On the flip side, adding sugar to your diet can quickly put your health into a spiral: people who consumed beverages containing high fructose corn syrup for 2 weeks significantly increased their levels of triglycerides and LDL cholesterol (the unfavorable kind), plus two proteins associated with elevated cholesterols and another compound, uric acid, that's associated with diabetes and gout—this comes from a 2015 study in the American Journal of Clinical Nutrition.

In fact, in a 2014 editorial in the journal JAMA Internal Medicine, the authors made a bold statement: "Too much sugar does not only make us fat; it can also make us sick.
The editors of Eat This, Not That! took a look at the most recent research and discovered just how much harm added sugars are doing to us:


Your Belly--Added Sugar Causes Your Body To Store Fat Around Your Gut: Within 24 hours of eating fructose, your body is flooded with elevated levels of triglycerides. Does that sound bad? It is.

Triglycerides are the fatty deposits in your blood. Your liver makes them because they're essential for building and repairing the tissues in your body. But, when it's hit with high doses of fructose, the liver responds by pumping out more triglycerides; that's a signal to your body that it's time to store some abdominal fat. In one study, researchers fed subjects beverages sweetened with either glucose or fructose. Both gained the same amount of weight over the next 8 weeks, but the fructose group gained its weight primarily as belly fat, thanks to the way this type of sugar is processed in the liver.

What's unique to fructose is that it seems to be a universal obesogen—in other words, every creature that eats it gains weight. Princeton researchers recently found that high-fructose corn syrup seemed to have a unique impact on weight in their animal studies. "When rats are drinking high-fructose corn syrup at levels well below those in soda pop, they're becoming obese—every single one, across the board," psychology professor Bart Hoebel, a specialist in appetite and sugar addiction, said in a report from the university. "Even when rats are fed a high-fat diet, you don't see this; they don't all gain weight." Fructose is the freak show of fat.

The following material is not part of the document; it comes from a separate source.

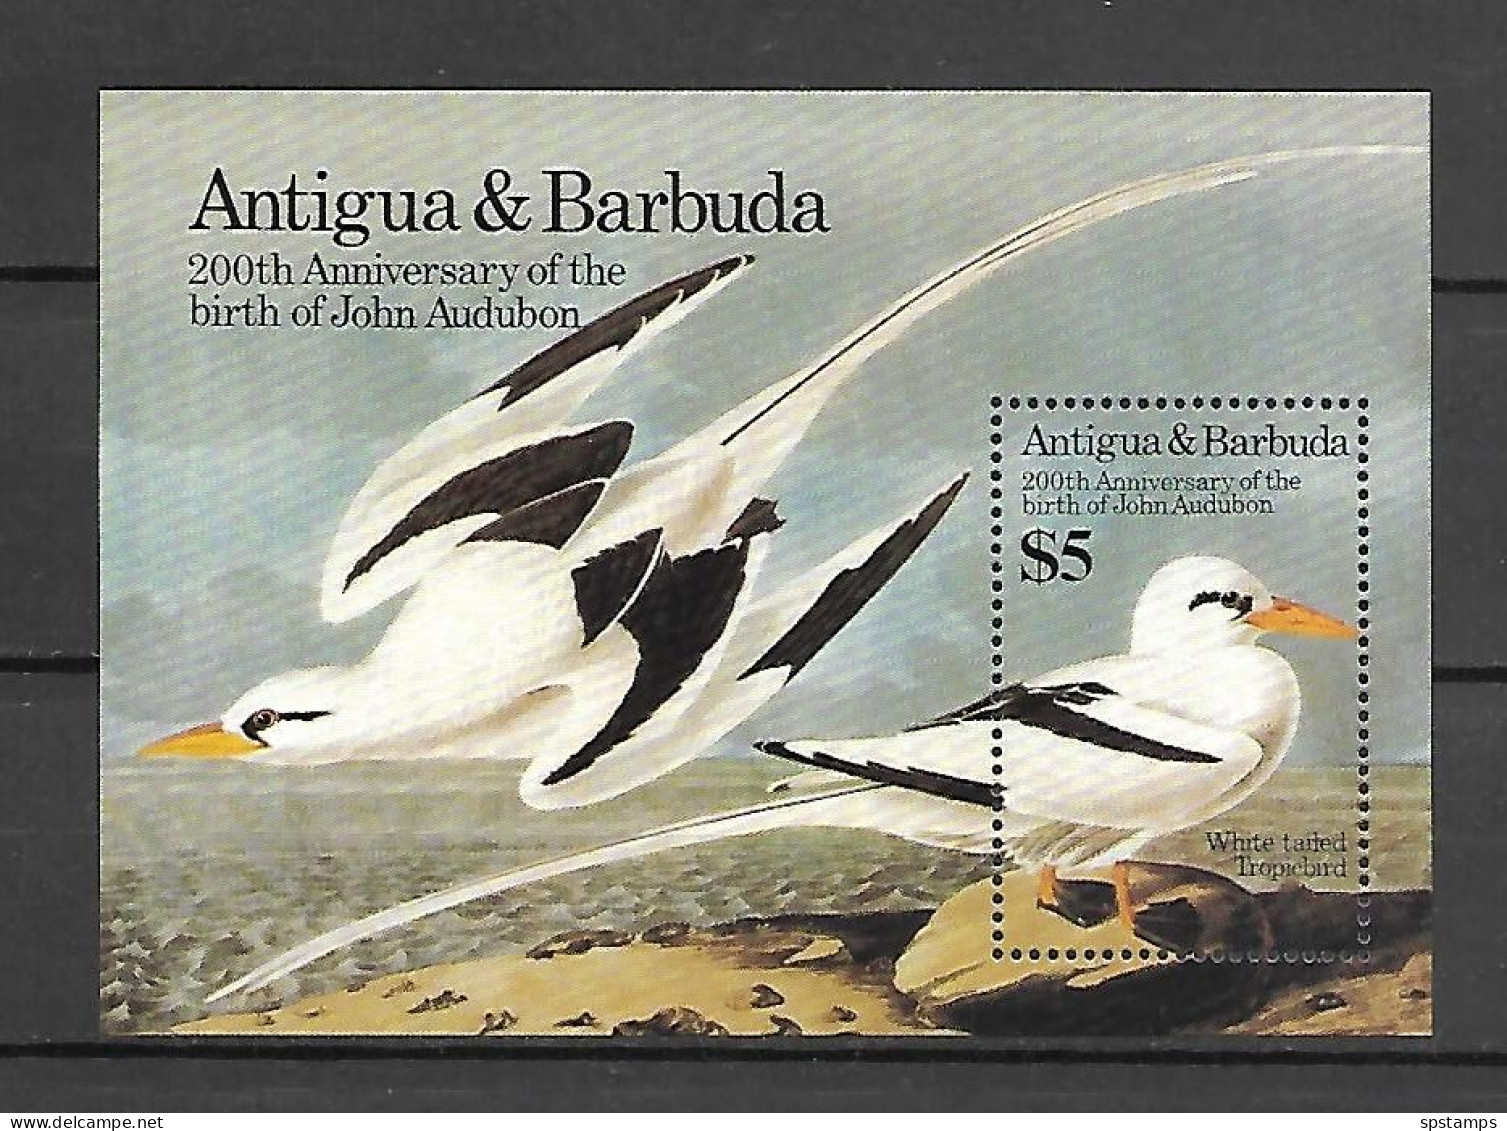 Antigua & Barbuda 1985 Birds - John James Audubon MS MNH - Antigua En Barbuda (1981-...)
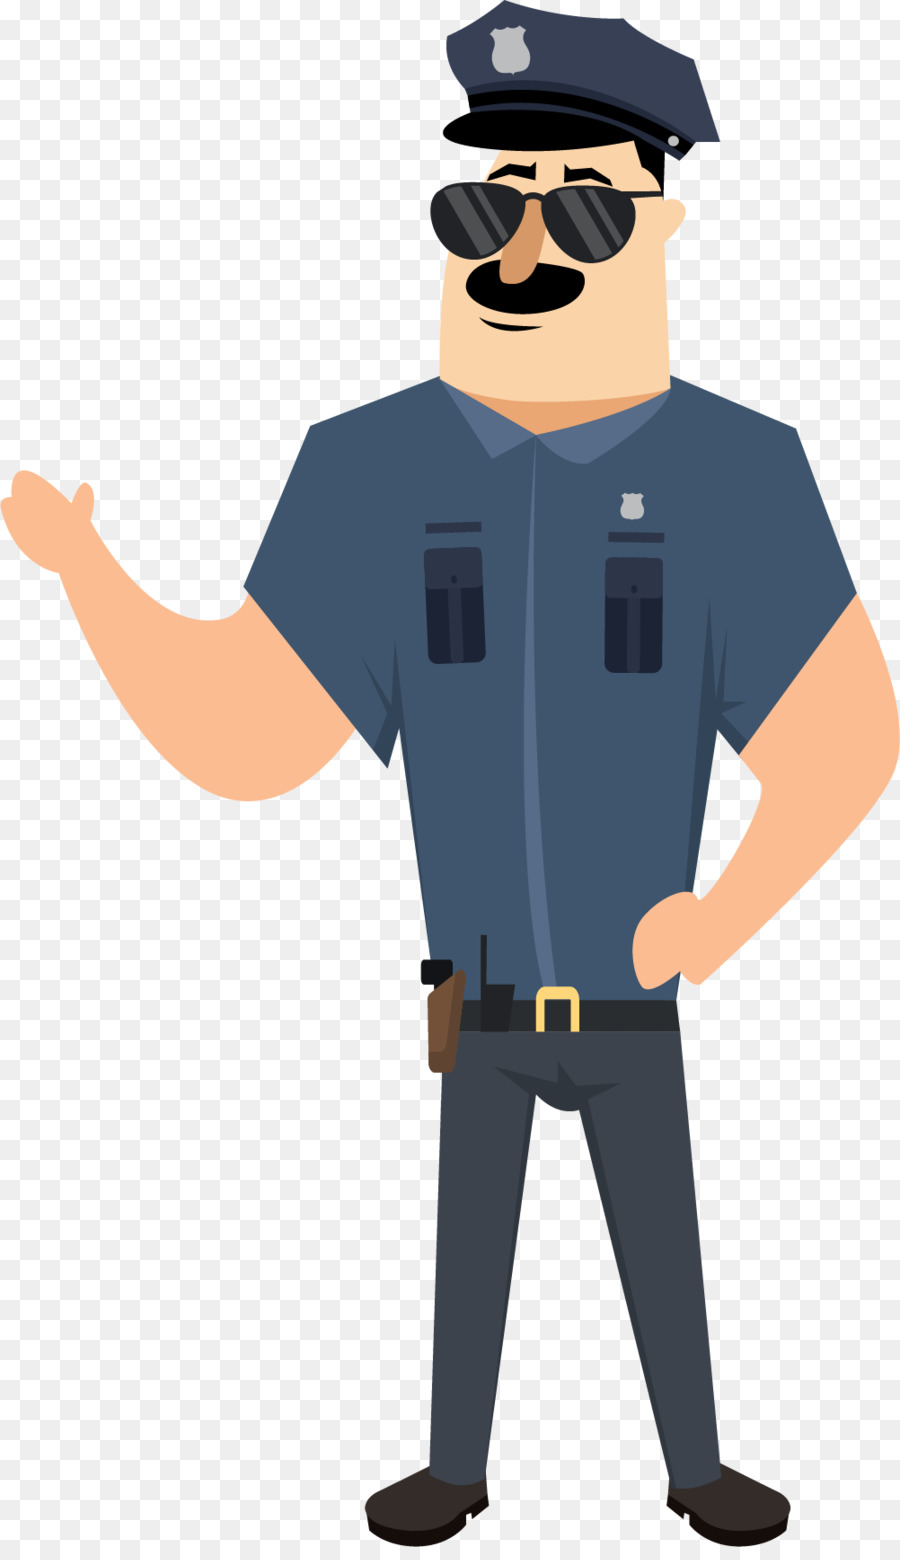 Cartoon Police Illustration - Cartoon cop png download - 1002*1722 - Free Transparent Police png Download.

Your Blood Sugar--Added Sugar Is The #1 Factor In Your Risk Of Dying From Diabetes: The link between increased sugar and diabetes risk is right up there with "smoking causes lung cancer" on the list of immutable medical truths— despite what soda manufacturers are trying to tell us. Researchers at the Mayo Clinic have come right out and said that added fructose—either as a constituent of table sugar or as the main component of high-fructose corn syrup—may be the number one cause of diabetes, and that cutting sugar alone could translate into a reduced number of diabetes deaths the world over.